Same input doesn't always map to same outcome. It takes different times for the human to make a move with the same situation, but my hypothesis is that there's a tendency in the resulting probability distribution. (My educated guess is that it is ~normal.)
I have ideas about the factors that influence the distribution (like #empty slots) but would preferably leave it to the system to figure these patterns out. Please notice, that I'm not interested in the patterns, just the model.
I can generate sample and test data easily by running sudoku puzzles and measuring the times it takes to make the moves.
What kind of learning algorithm would you suggest to use for this?
I was thinking NNs, but I'm not sure if they can have the desired property of giving weighted random outcomes for the same input.

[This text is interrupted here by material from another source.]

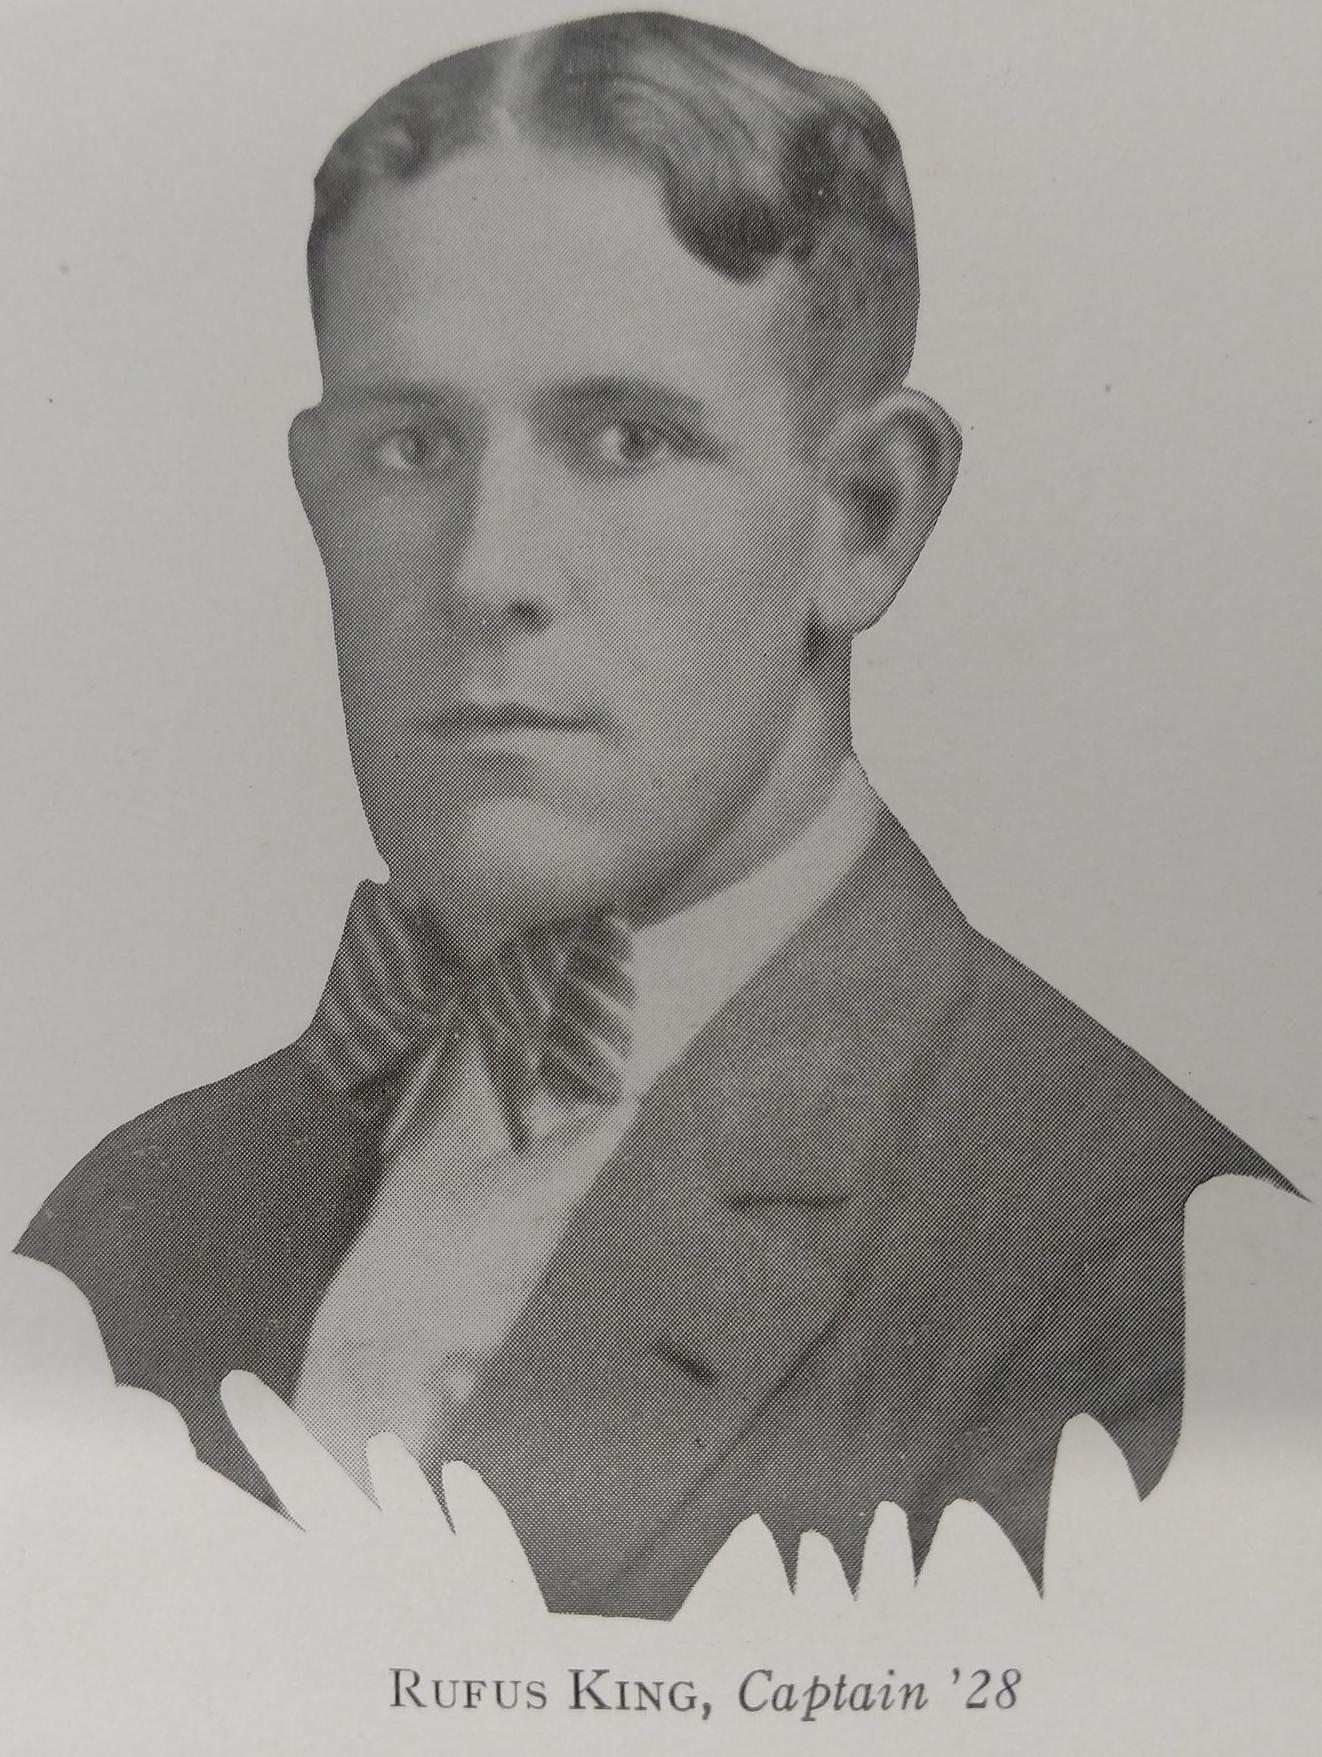 Rufus King captain

If I understand this correctly you have an input vector of length 81, which contains 1 if the square is filled in and 0 otherwise. You want to learn a function which returns a probability distribution which models the response time of a human to that board position.
My first response would be that this is a regression problem and you should try straightforward linear regression. This will not provide you with a distribution of response times, but a single 'best-guess' response time.

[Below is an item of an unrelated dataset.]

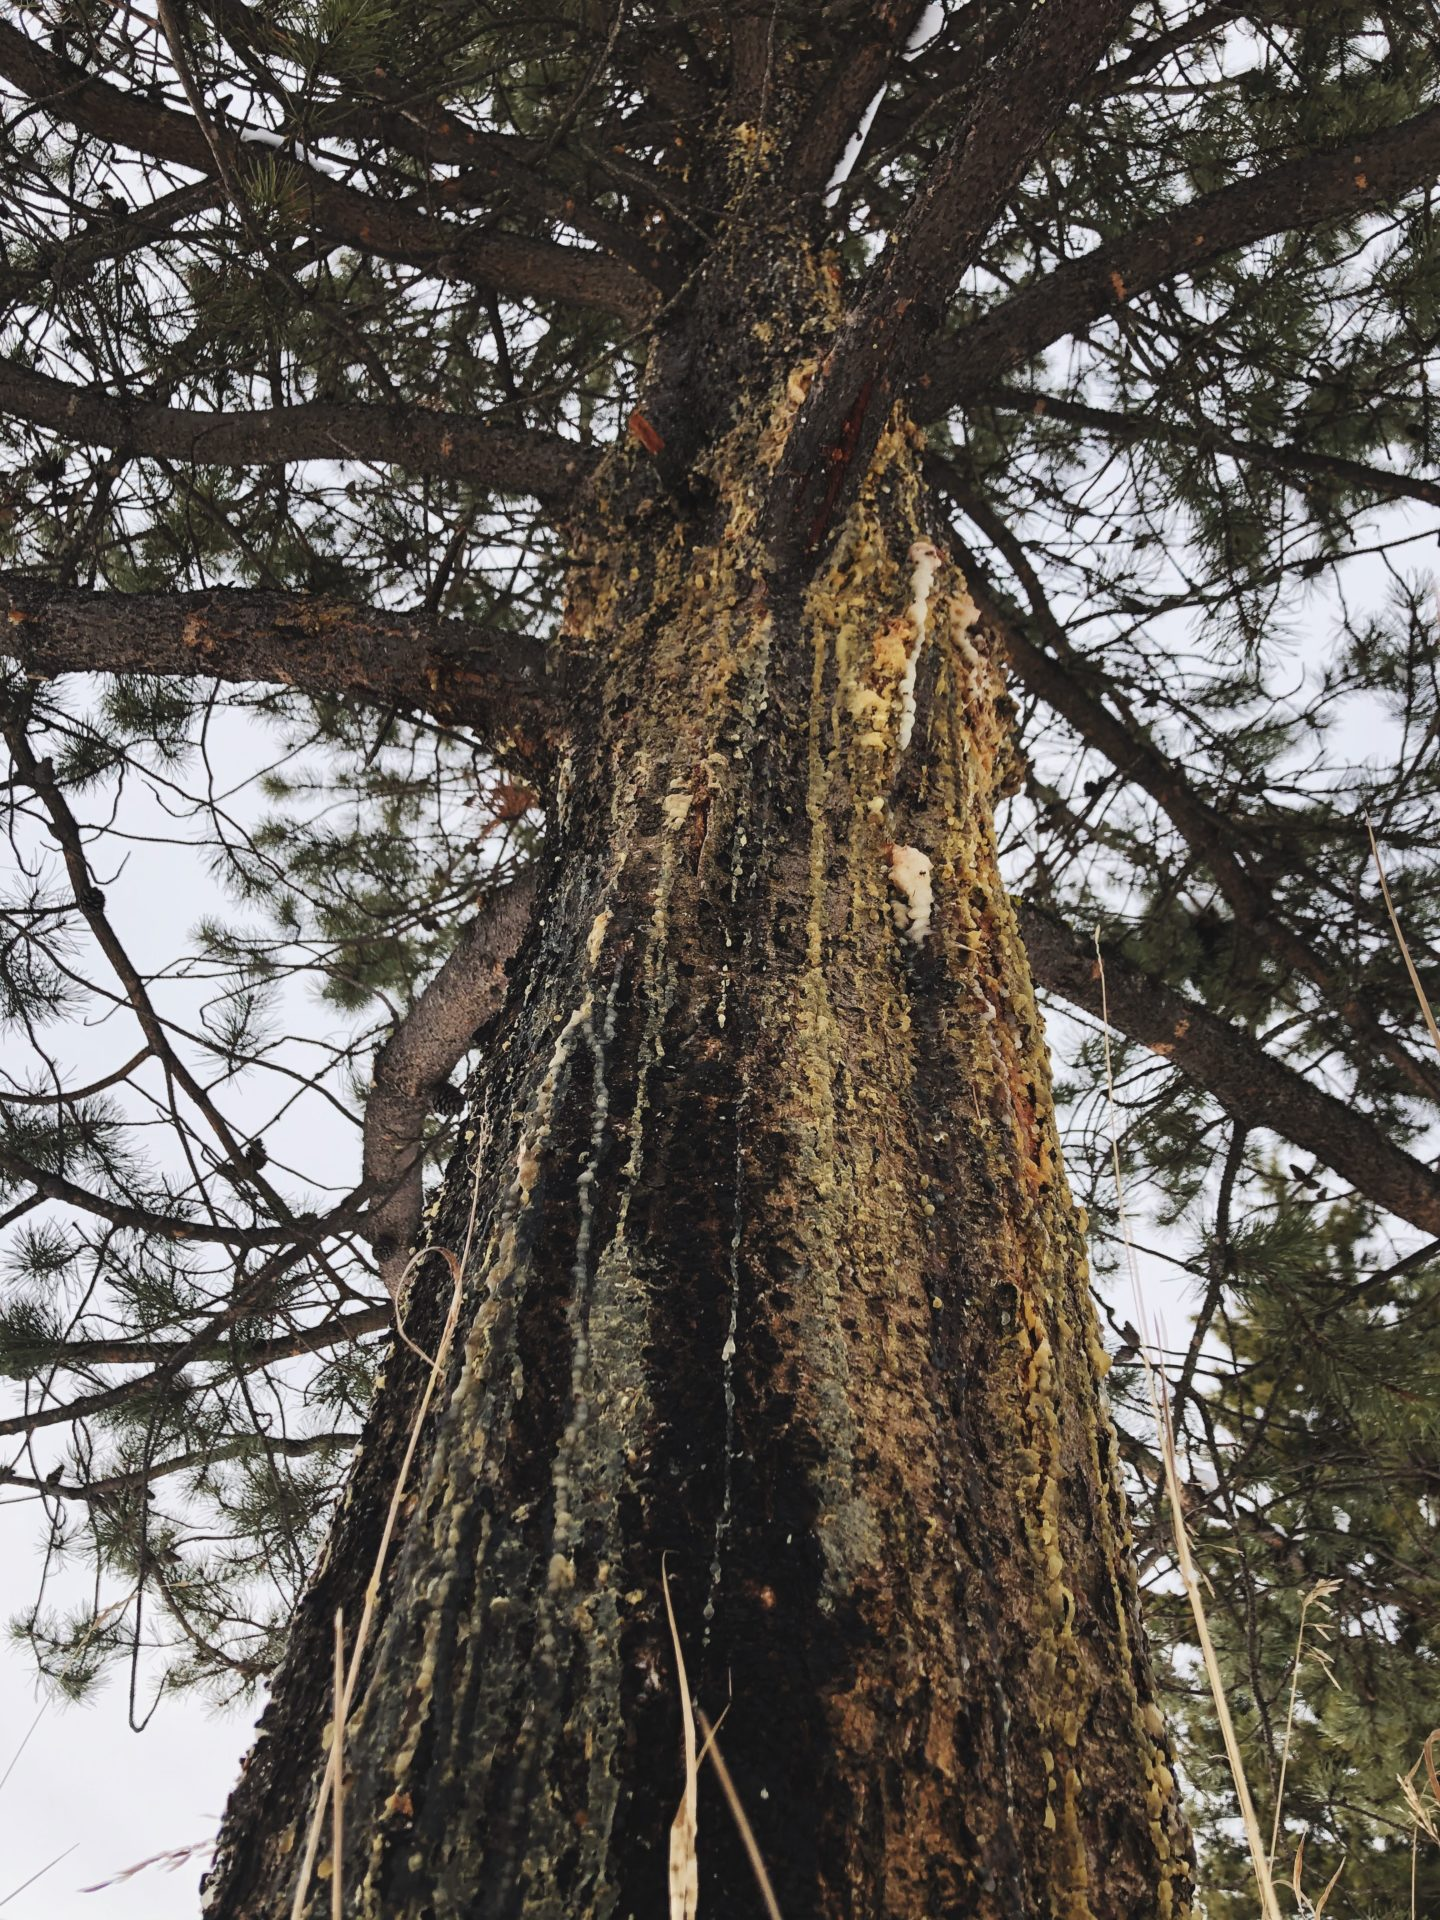 Lodgepole Pine. Credit: Raeanne O'Meara.

I'm not clear on why you want to model a distribution of response times. However, if you really want to do want to output a distribution then it sounds like you want to look at Bayesian methods. I'm not really an expert on Bayesian inference, so I can't help you much further here.
However, I don't really think your approach is going to work because I agree with your intuition about features such as the number of empty slots being important. There are also other obvious features, such as the number of empty slots per row/column that are likely to be important. Explicitly putting these features in your representation will probably be much more successful than expecting that the learning algorithm will infer something similar on its own.

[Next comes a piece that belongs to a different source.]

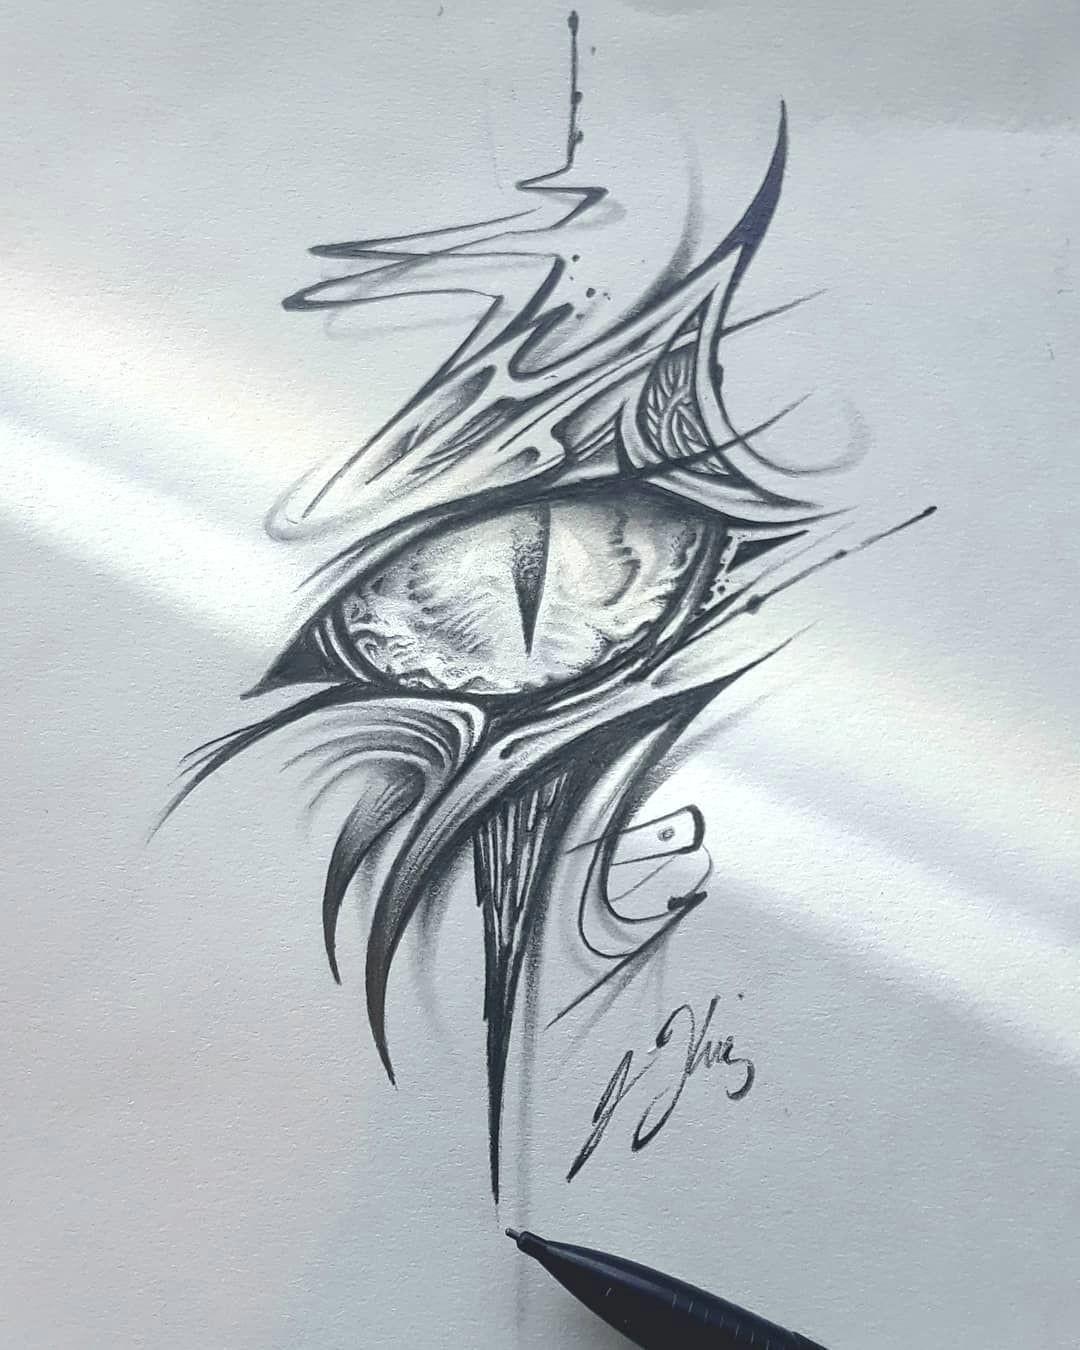 the eye of helios the sun dragon dragon dragoneye tattoo dragoneyetattoo sketch doodle darkart graphicart

The monte carlo method seems like it would work well here but would require a stack of solutions the size of the moon to really do it. And it wouldn't give you the time per person, just the time on average.
My understanding of it, tenuous as it is, is that you have a database with a board position and the time it took a human to make the next move. At the very least you have a starting point for most moves. Even if it's not in the database you could start to calculate how long it would take to make a move based on some algorithm. Though I know you had specified you wanted machine learning to do this it might be worth segmenting the problem into something a little smaller then building on it.
If you have some guesstimate as to what influences the function (# of empty cell, etc), try to train a classifier on a vector of features, and not on the 81 cells vector (0/1 or 0..9, doesn't really matter for my argument).
I think that your claim:
we wouldn't have to necessary know the underlying patterns, the "trained patterns" in a learning system automatically encodes these sometimes quite delicate and subtle patterns inside them -- that's one of their great power
is wrong. you do have to give the network the right domain. for example, when trying to detect object in an image, working in the pixel domain is pointless. you'll only get results if you first run some feature detection to detect edges, corners, etc.
Theoretically, with enough non-linearity (in NN - enough layers in the network) it can detect such things, but in practice, I have never seen that work, without giving the classifier the right features to work with.
I was thinking NNs, but I'm not sure if they can have the desired property of giving weighted random outcomes for the same input.
You're just trying to learn a function from 2^81 or 10^81 (or a much smaller feature space as I suggest) to R (response time between 0 and Inf) or some discretization of that. So NN and other classifiers can do that.